What does accountability actually mean, and how does it apply to AI ethics? We’ll also discuss what moral agency and responsibility mean and the difficulty of assigning blame.

I. Algorithms and accountability

Parking control services provide an example of how algorithms are increasingly used for automating public services. As algorithms are exact, fast and precise, they often promote better service efficiency, reliability and consistency. Paradoxically, algorithms can also make systematic errors, be biased and cause serious harms. For example, scanning systems may malfunction, or suffer from bugs. They may make mistakes and suggest the tickets be issued on invalid grounds. In these cases, who should take the responsibility – and on what grounds?

Although we say things like "yes, it was the algorithm’s fault and it is responsible for the wrong decision", we do not literally mean that contemporary algorithms would be morally guilty. Instead, the algorithms are causal factors that underlie the decisions. Mere causes, however, differ from morally responsible actions.

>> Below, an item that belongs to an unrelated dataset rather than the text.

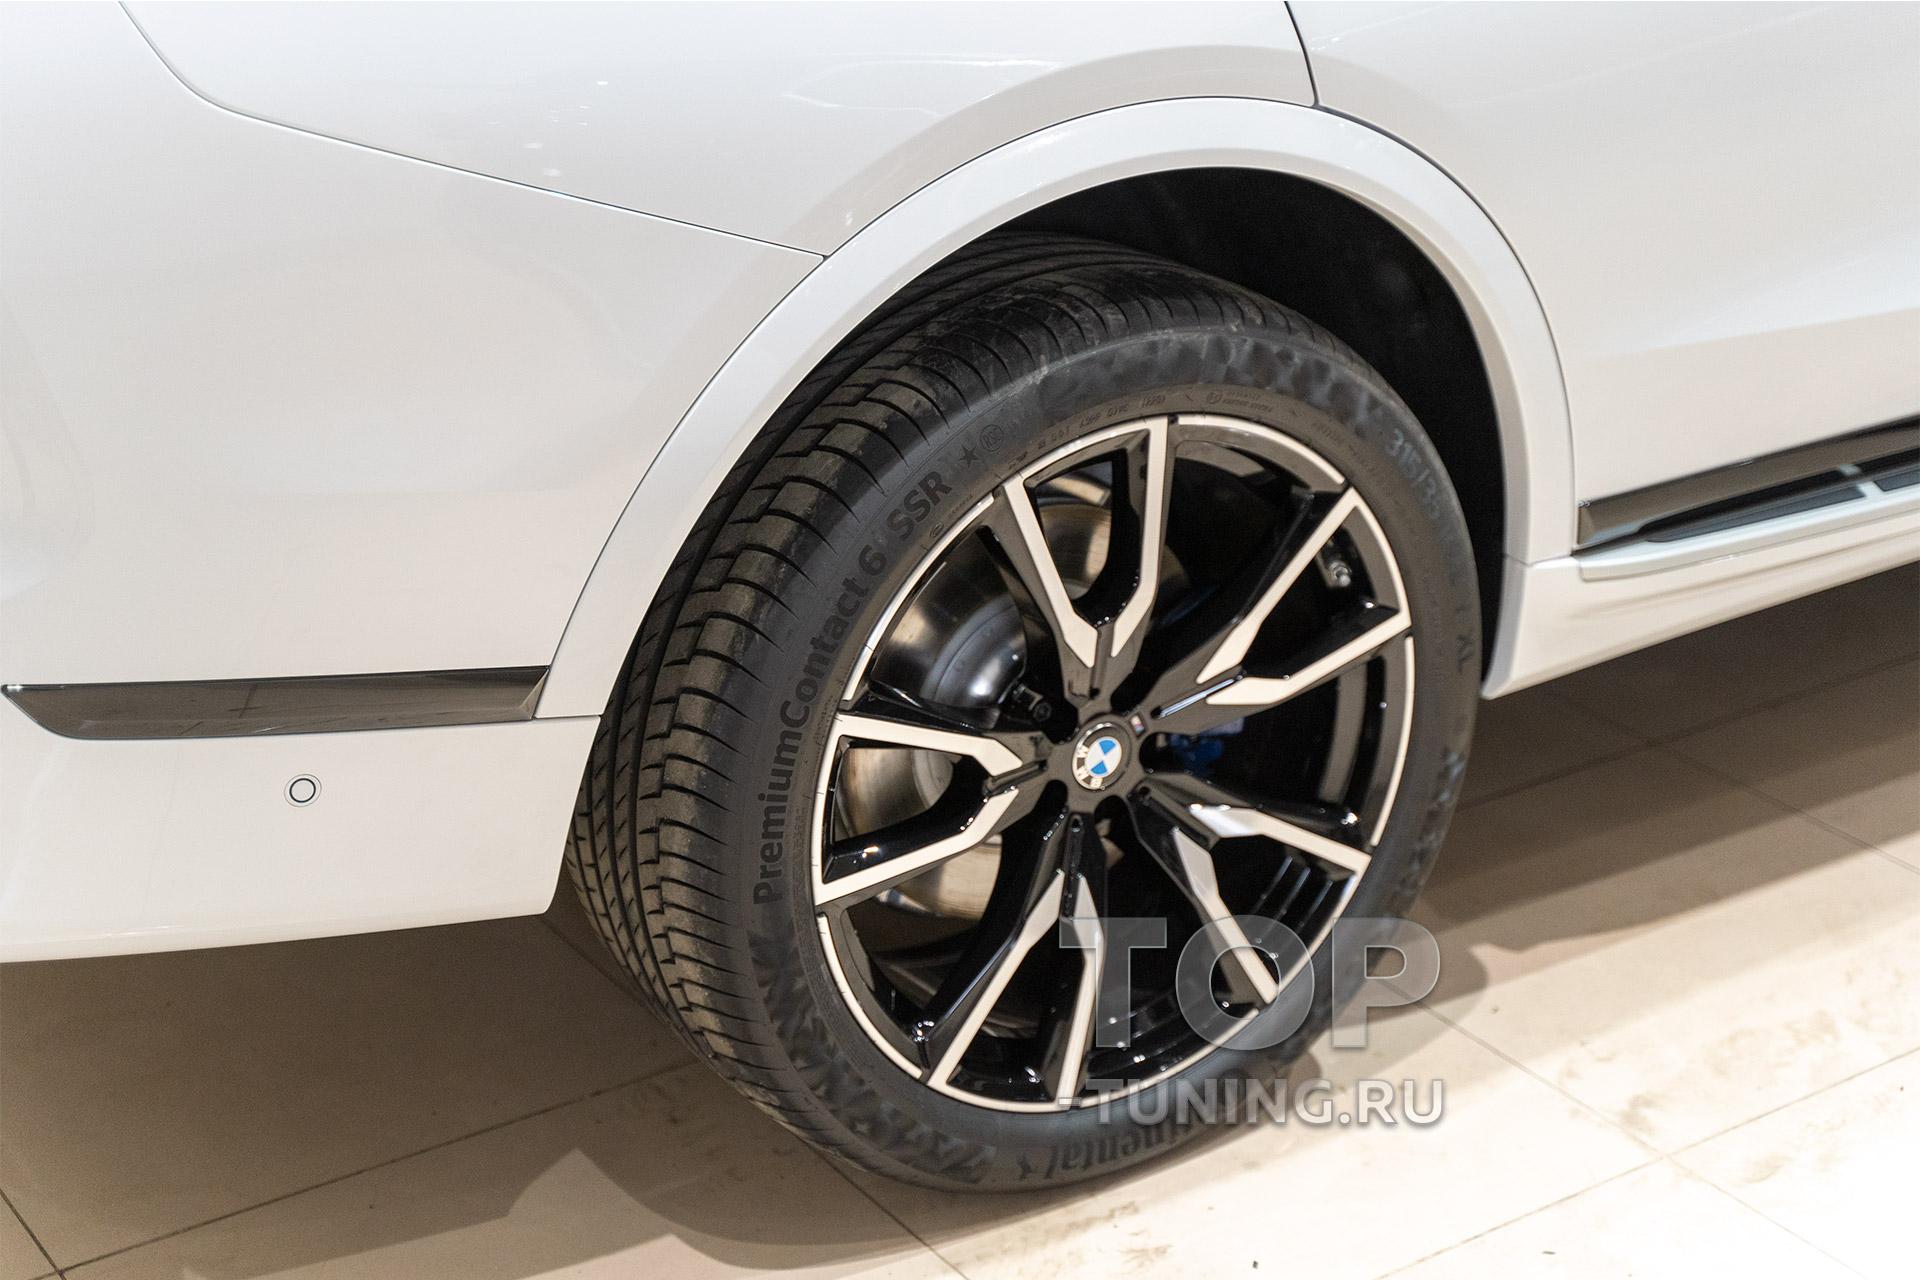 105689 BMW X7 - Пленка, керамика кузова и салона

Even though algorithms themselves cannot be held accountable as they are not moral or legal agents, the organizations designing and deploying algorithms can be taken to be morally responsible through governance structures. Thus, in the case of the city of Amsterdam, it is the human inspector that makes the final decision – and also takes responsibility. However, one day the human inspector may be replaced by algorithms, too. Who, then, will take responsibility?